» Recorded information:
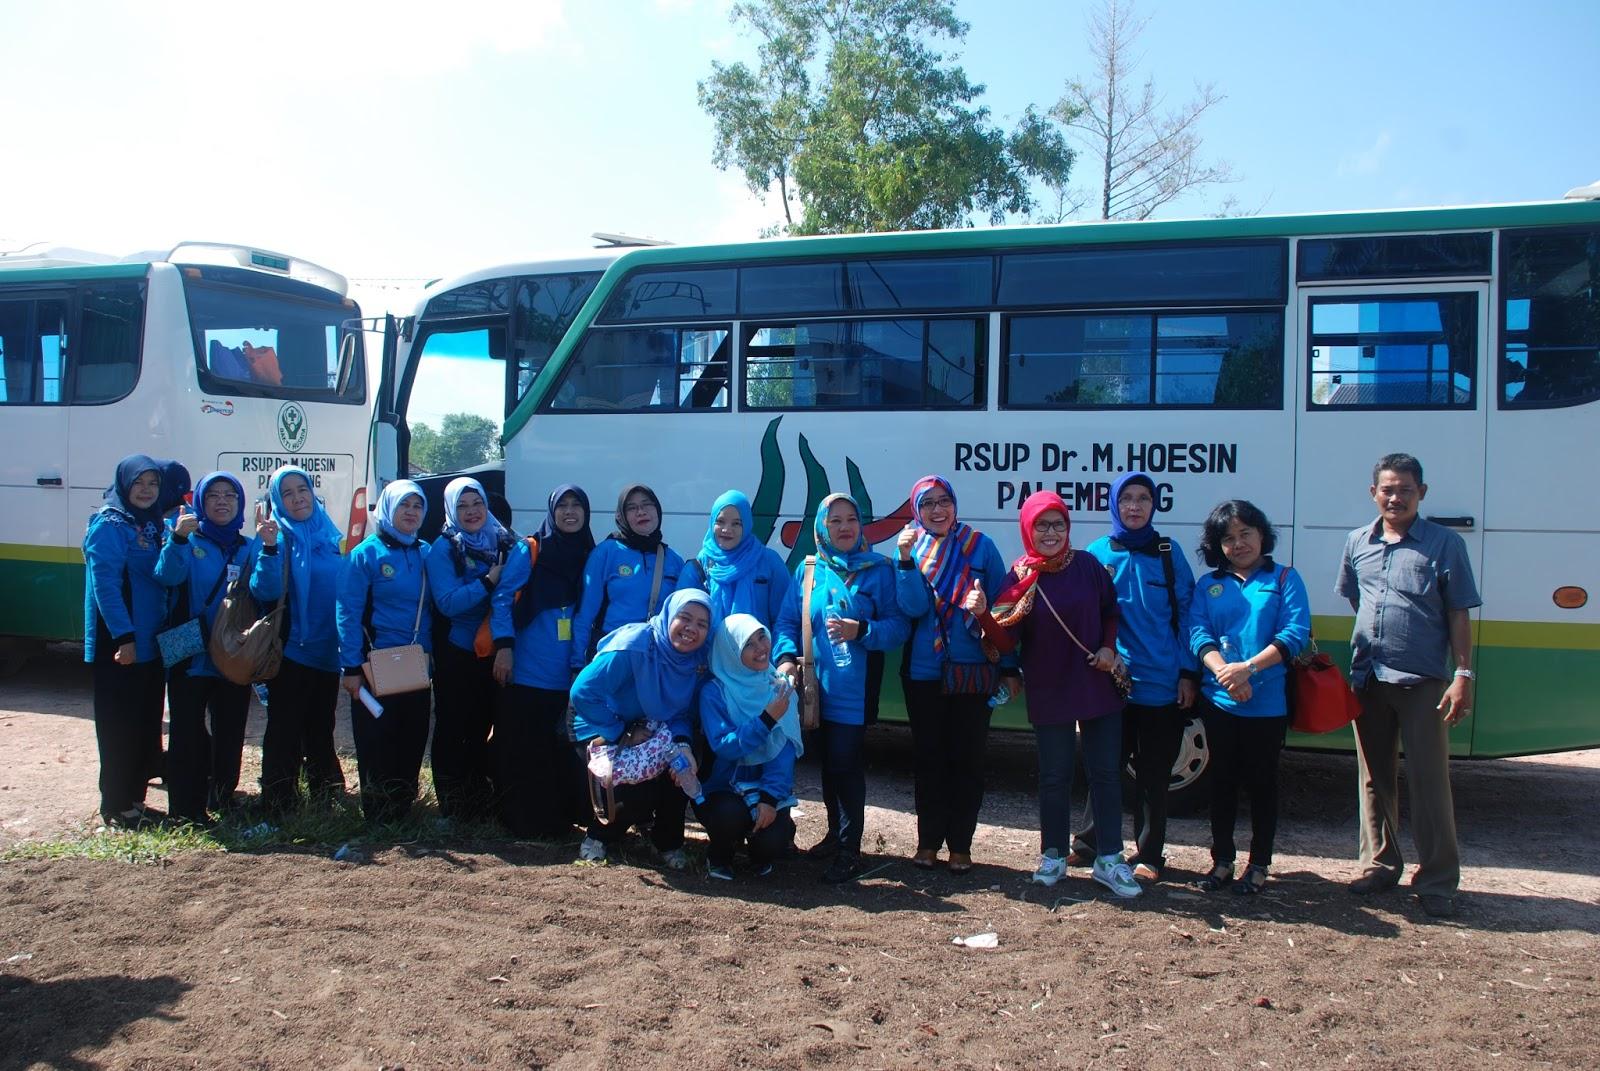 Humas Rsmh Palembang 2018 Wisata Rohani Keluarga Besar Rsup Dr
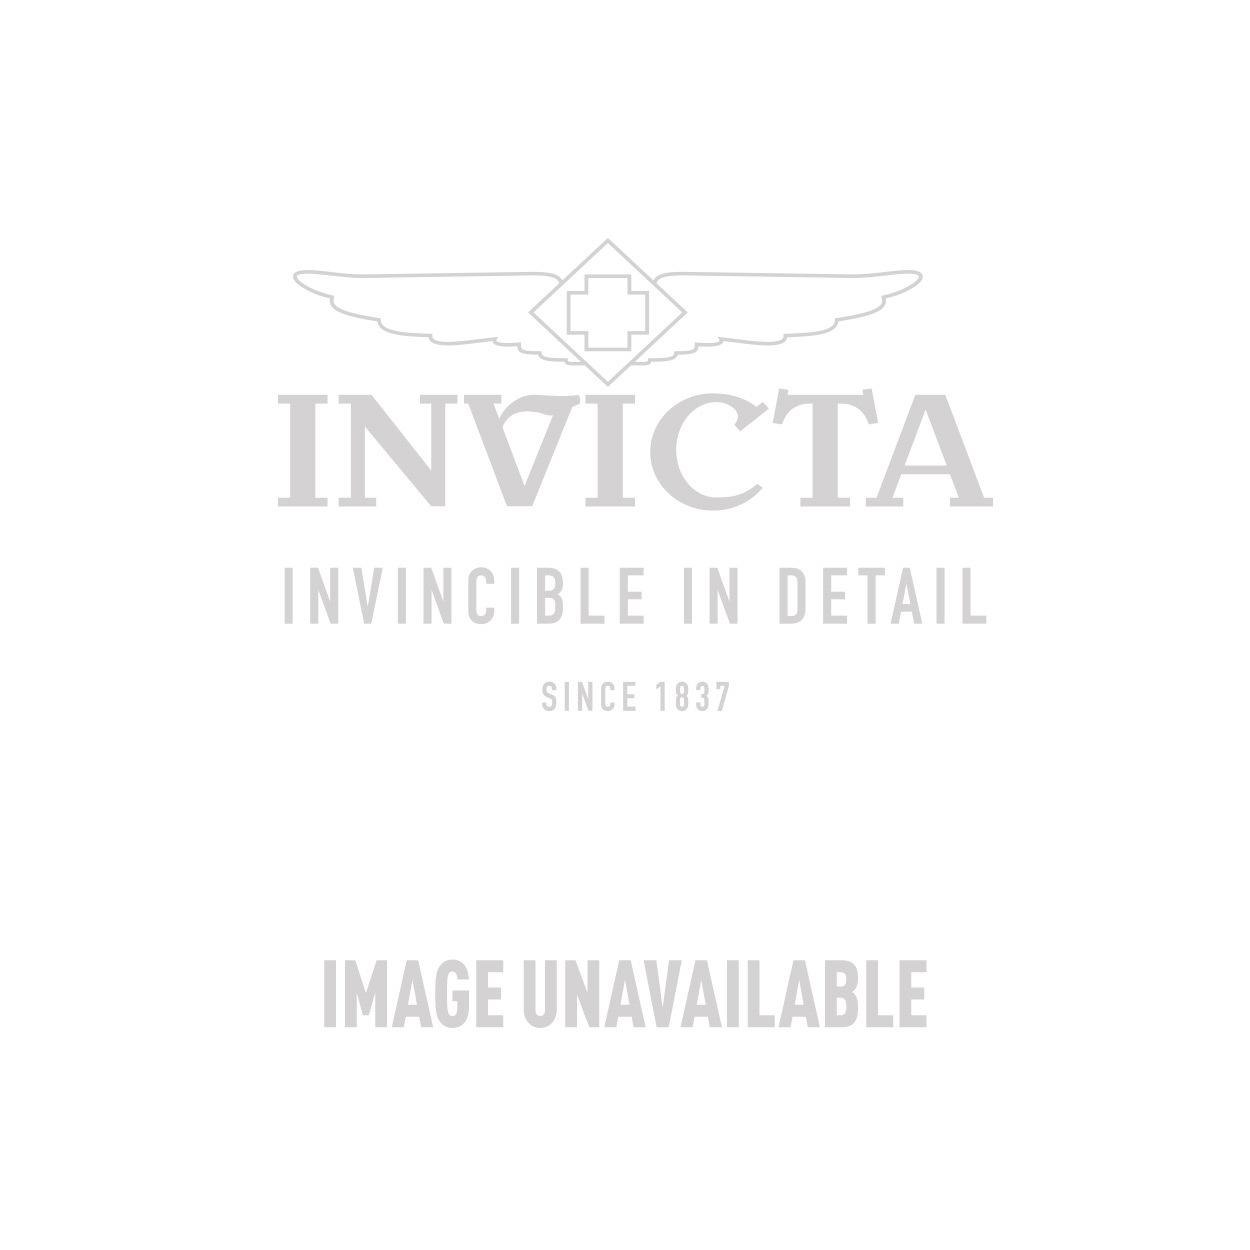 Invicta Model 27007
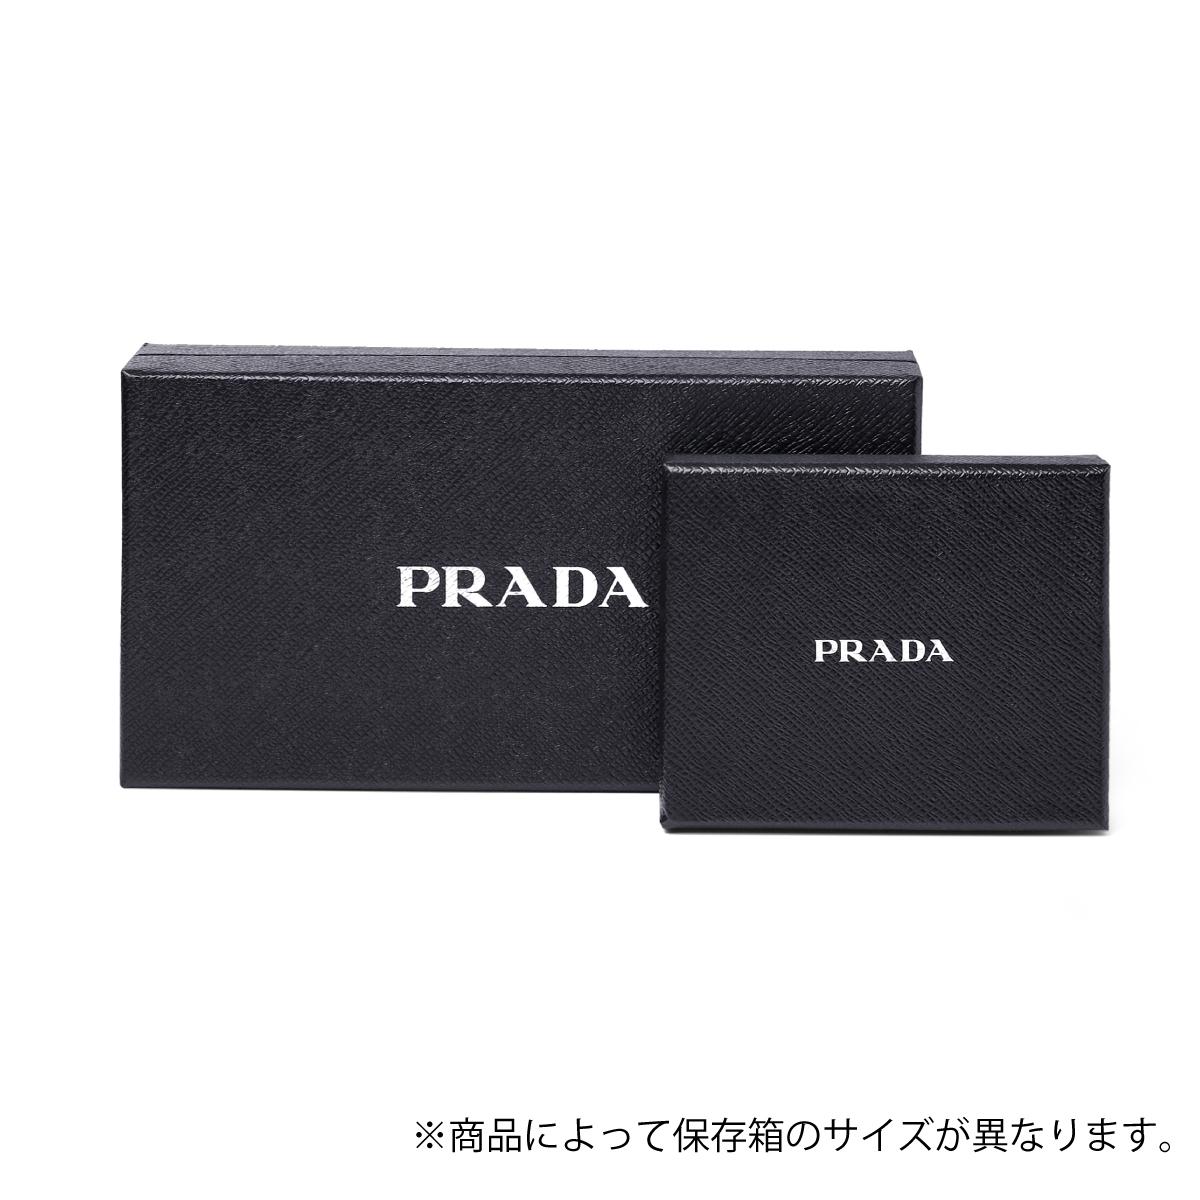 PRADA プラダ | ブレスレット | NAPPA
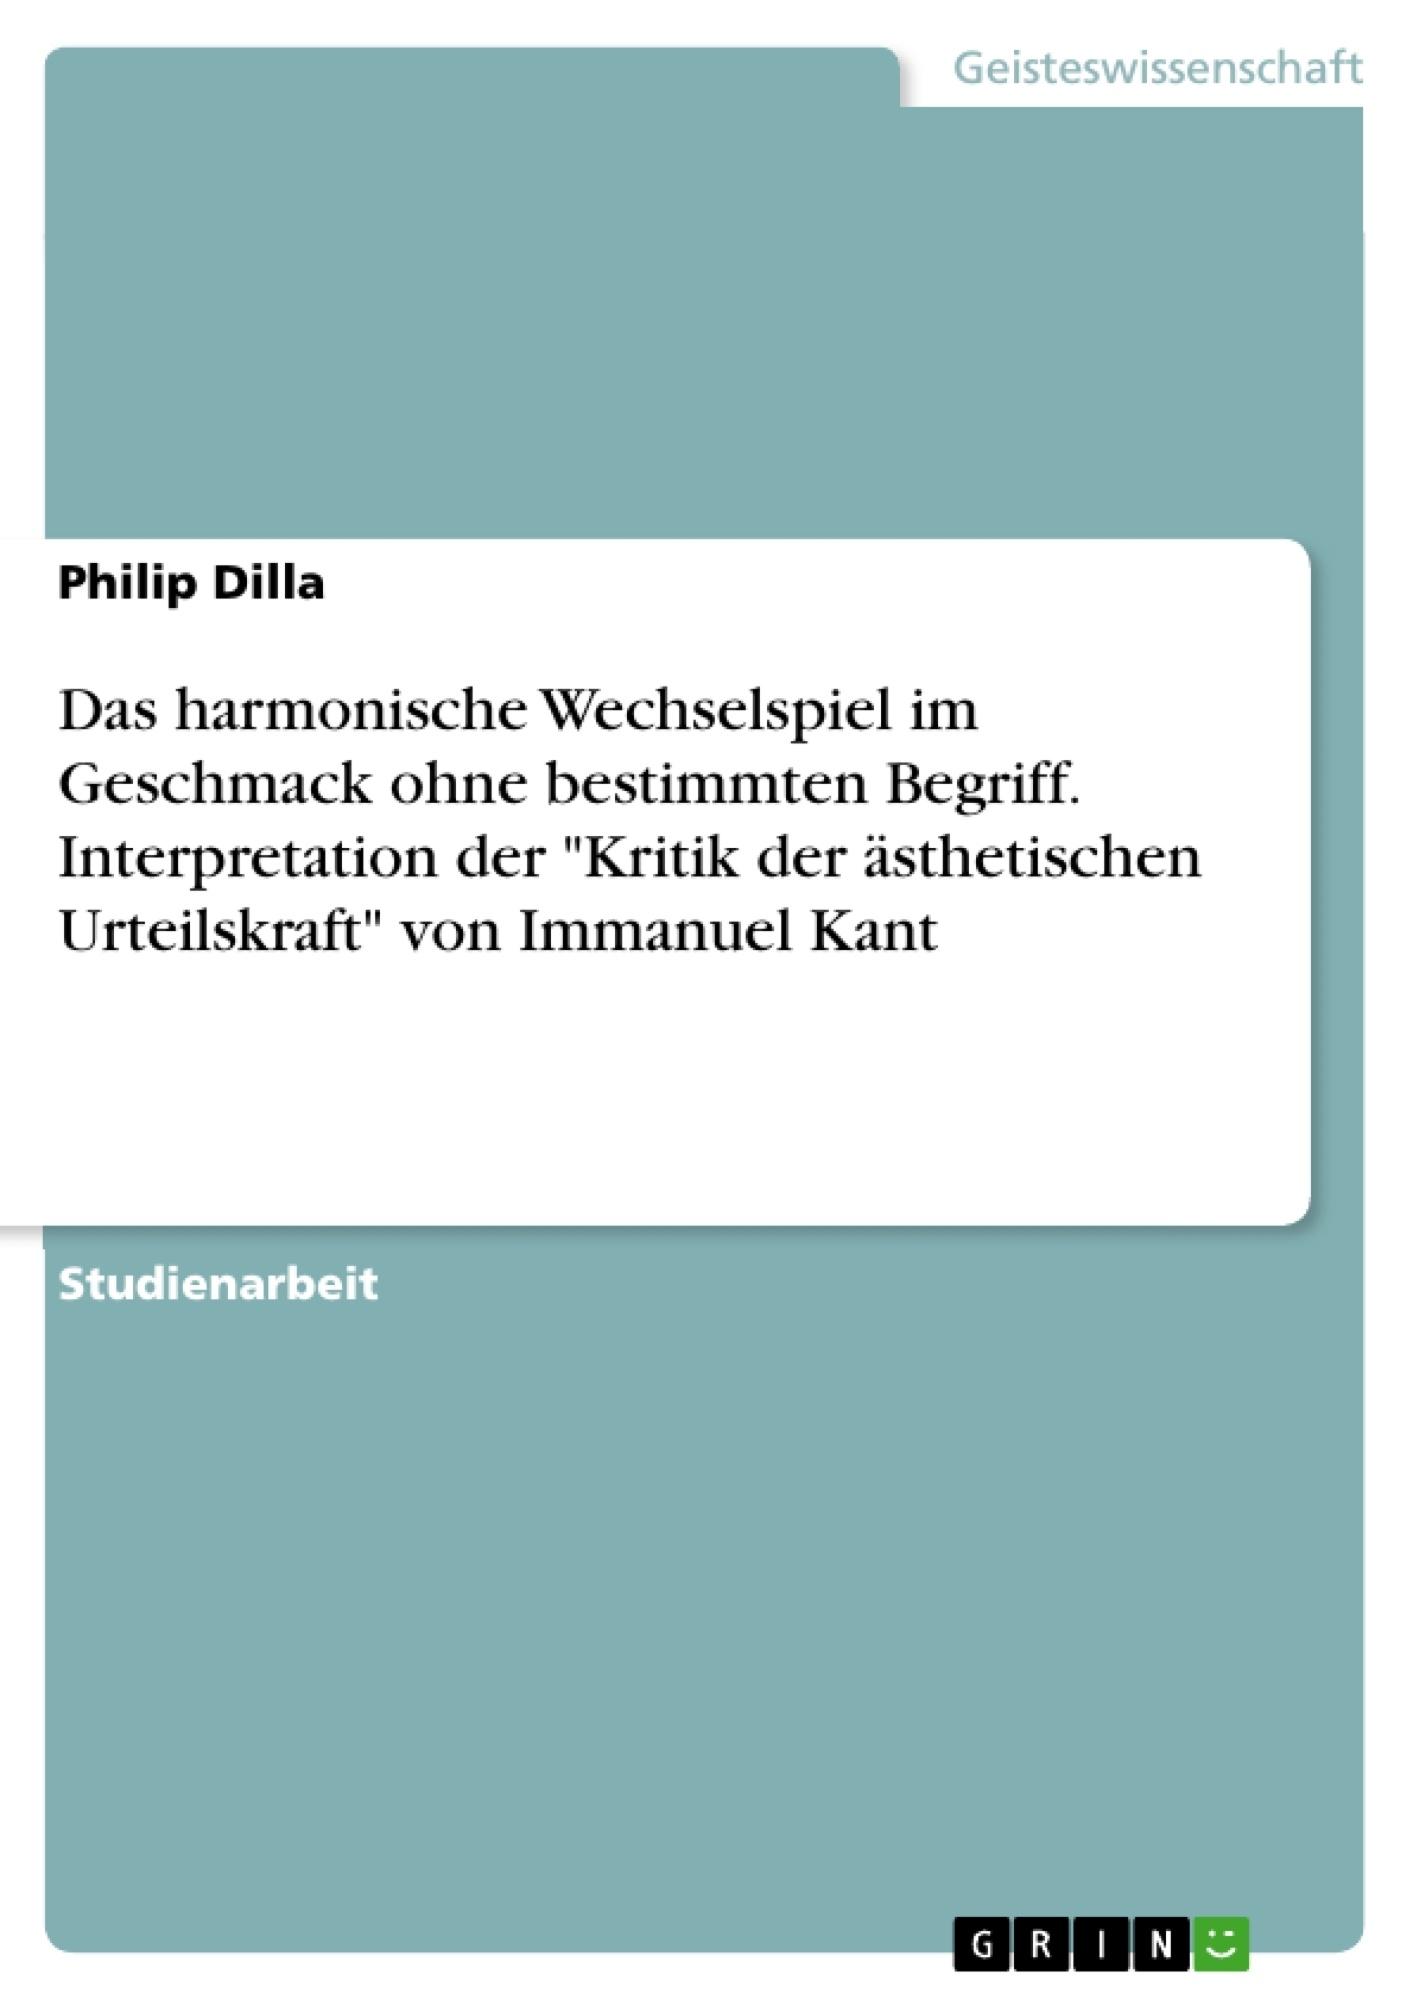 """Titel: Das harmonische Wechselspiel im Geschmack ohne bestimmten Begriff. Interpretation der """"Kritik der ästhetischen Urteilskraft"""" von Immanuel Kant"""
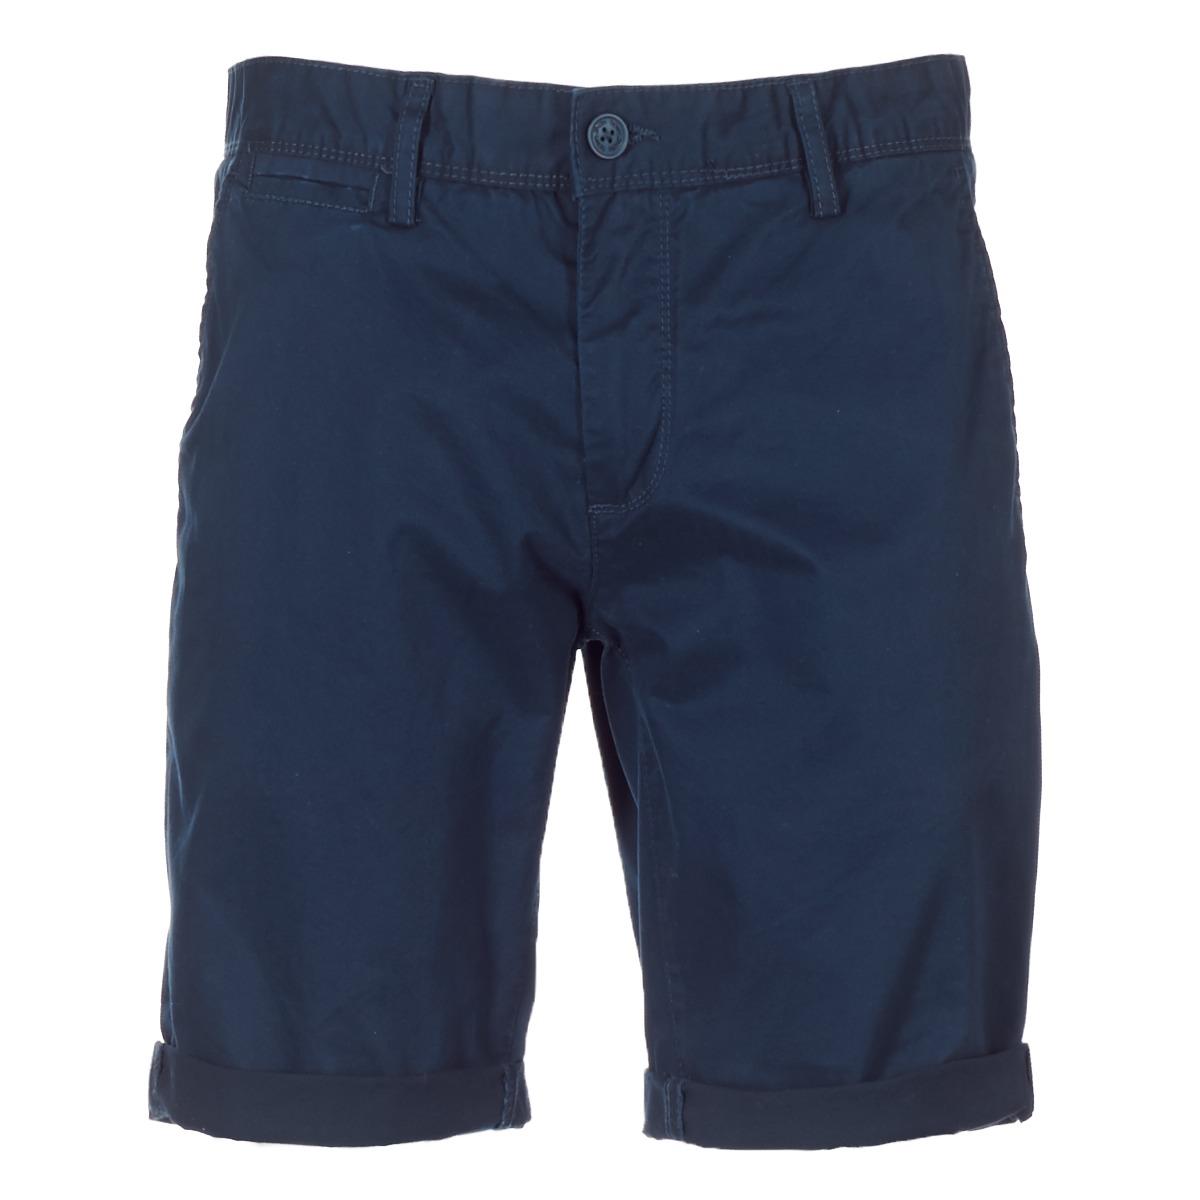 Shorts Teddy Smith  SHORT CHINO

» Exercise objective: Which lines run from the one containing "PRADA プラダ | ブレスレット | NAPPA" to the end of the data above? Set down those lines exactly, and only those, without any pictures.

» Result of the task:
 PRADA プラダ | ブレスレット | NAPPA
 """Titel: Das harmonische Wechselspiel im Geschmack ohne bestimmten Begriff. Interpretation der """"Kritik der ästhetischen Urteilskraft"""" von Immanuel Kant"""
 Shorts Teddy Smith  SHORT CHINO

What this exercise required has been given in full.